%%
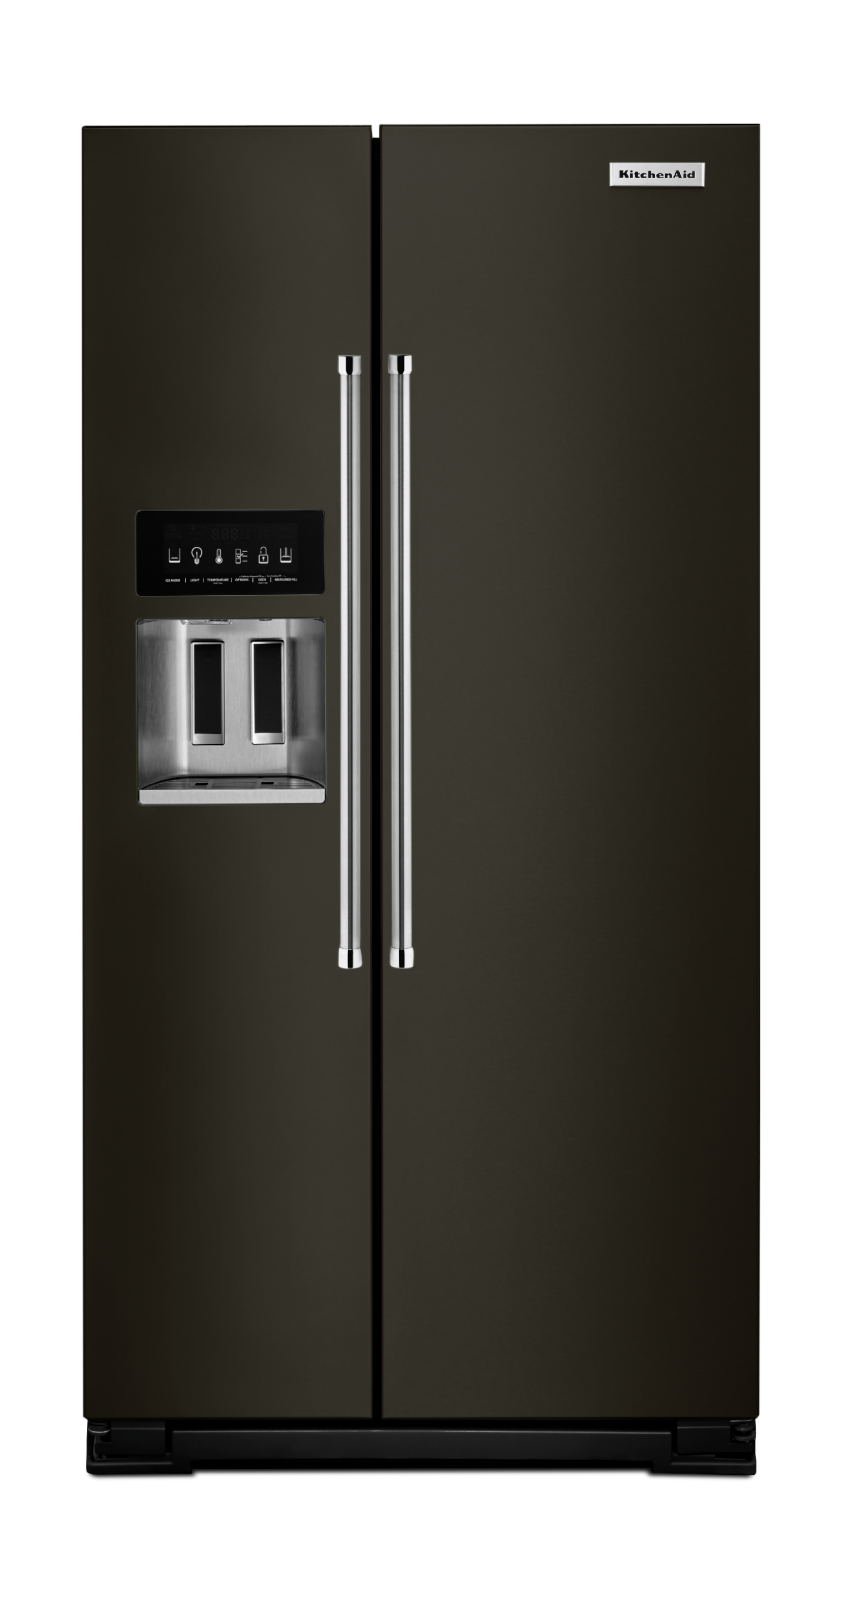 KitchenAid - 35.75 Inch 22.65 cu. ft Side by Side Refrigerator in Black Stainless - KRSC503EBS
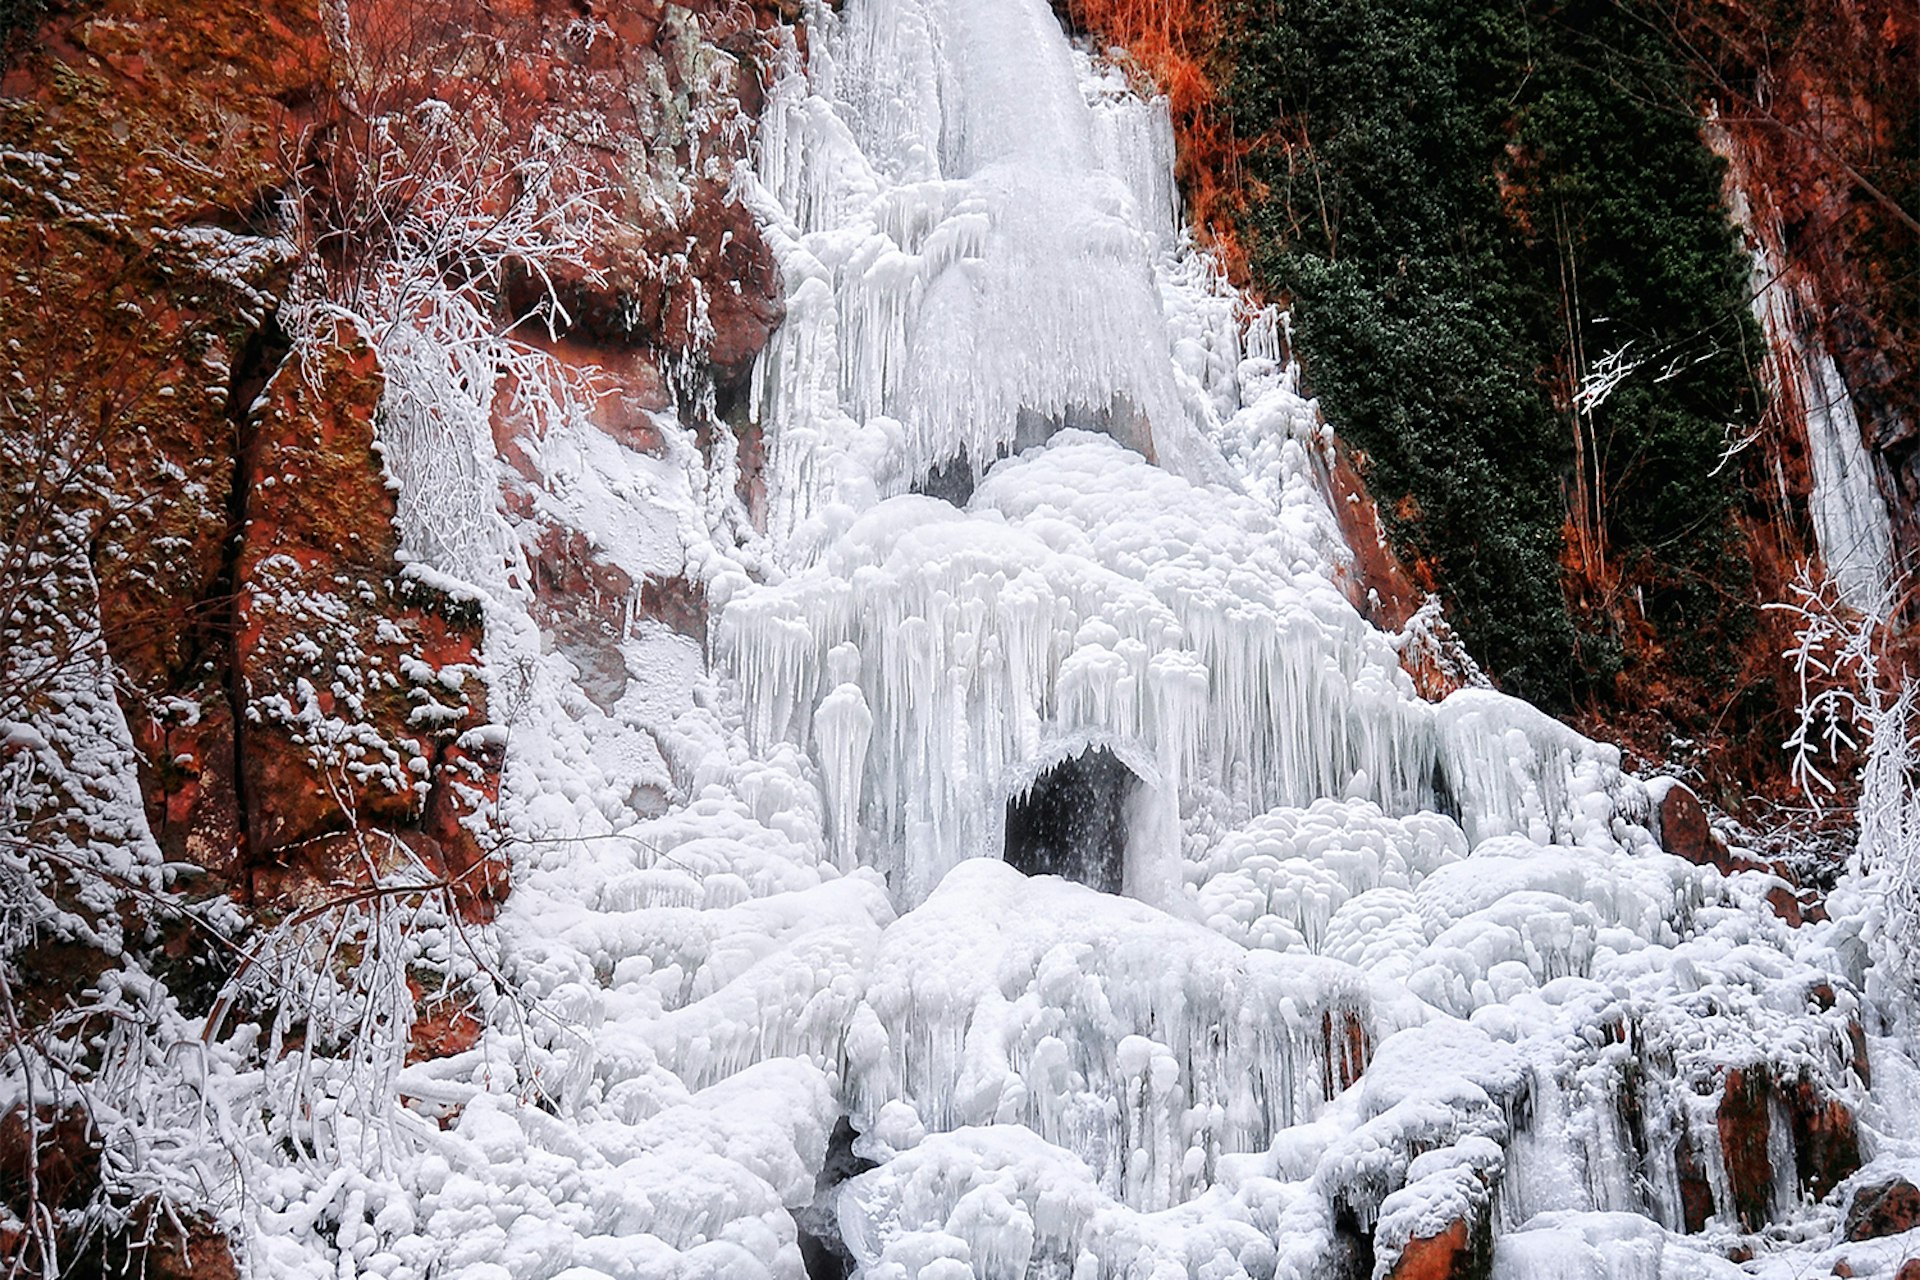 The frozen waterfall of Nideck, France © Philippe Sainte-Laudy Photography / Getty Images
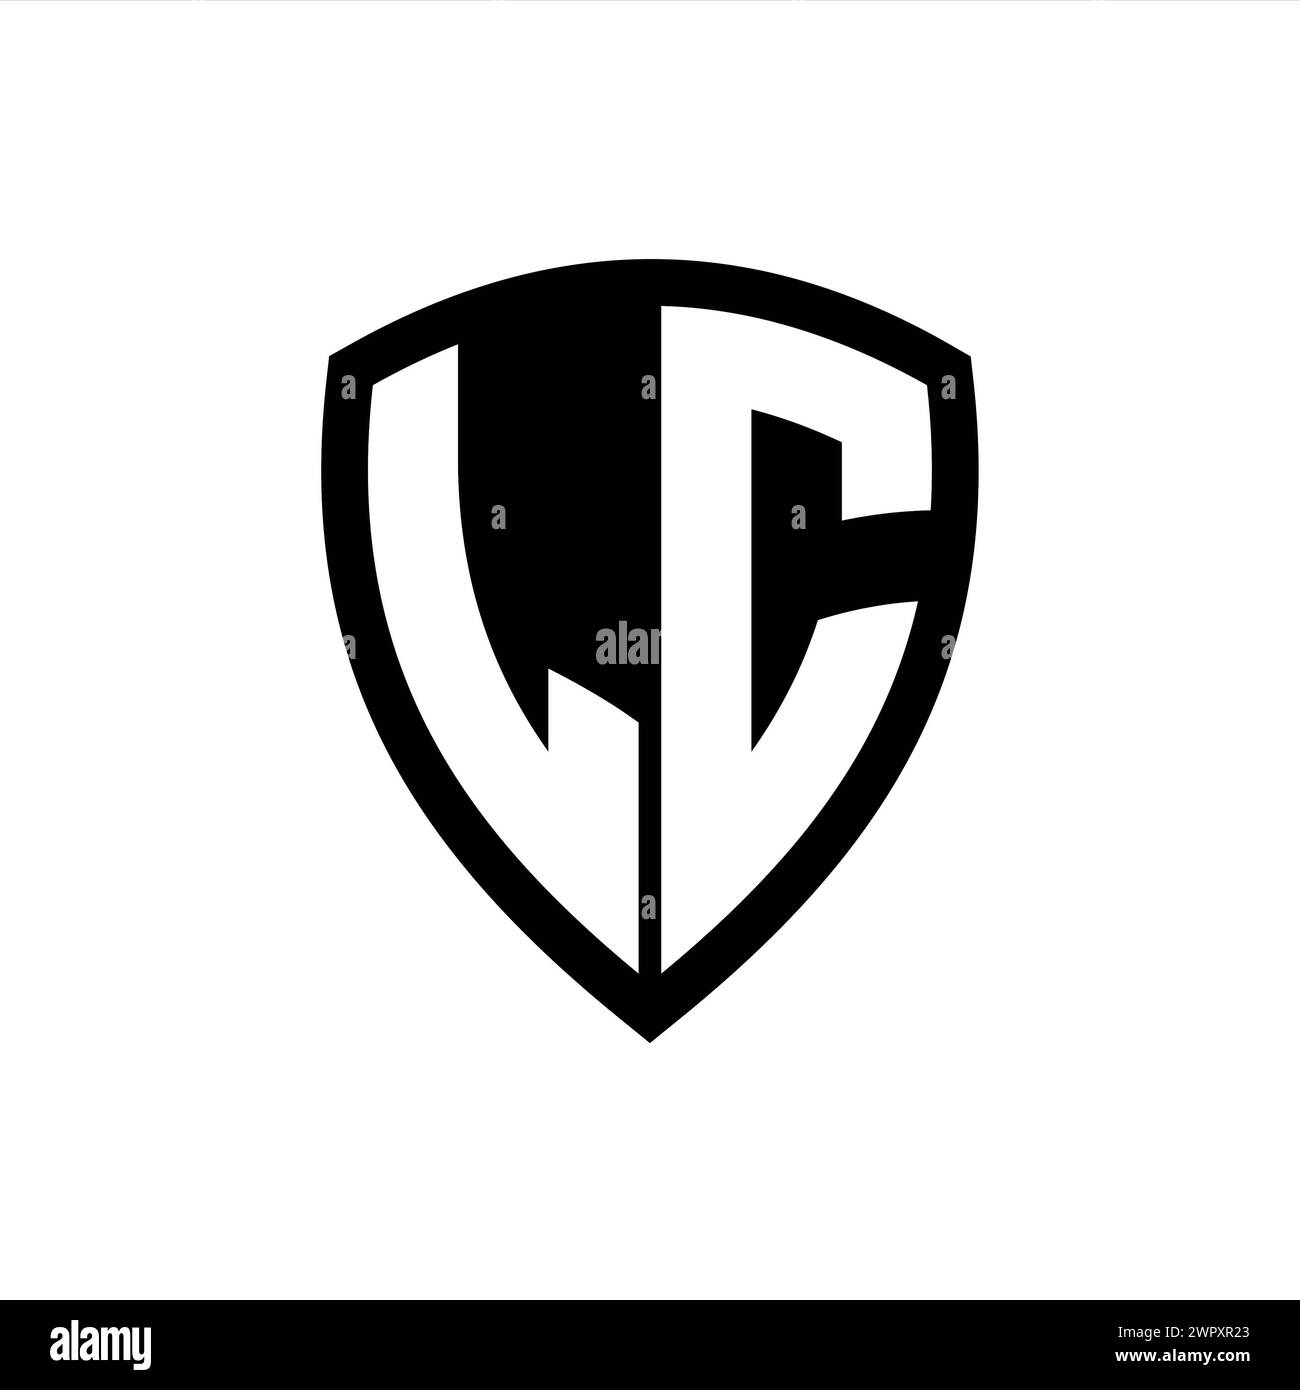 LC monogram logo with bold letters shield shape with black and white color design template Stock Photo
%%
Line for line, retype the material exactly, omitting any pictures.

 KitchenAid - 35.75 Inch 22.65 cu. ft Side by Side Refrigerator in Black Stainless - KRSC503EBS
 The frozen waterfall of Nideck, France © Philippe Sainte-Laudy Photography / Getty Images
 LC monogram logo with bold letters shield shape with black and white color design template Stock Photo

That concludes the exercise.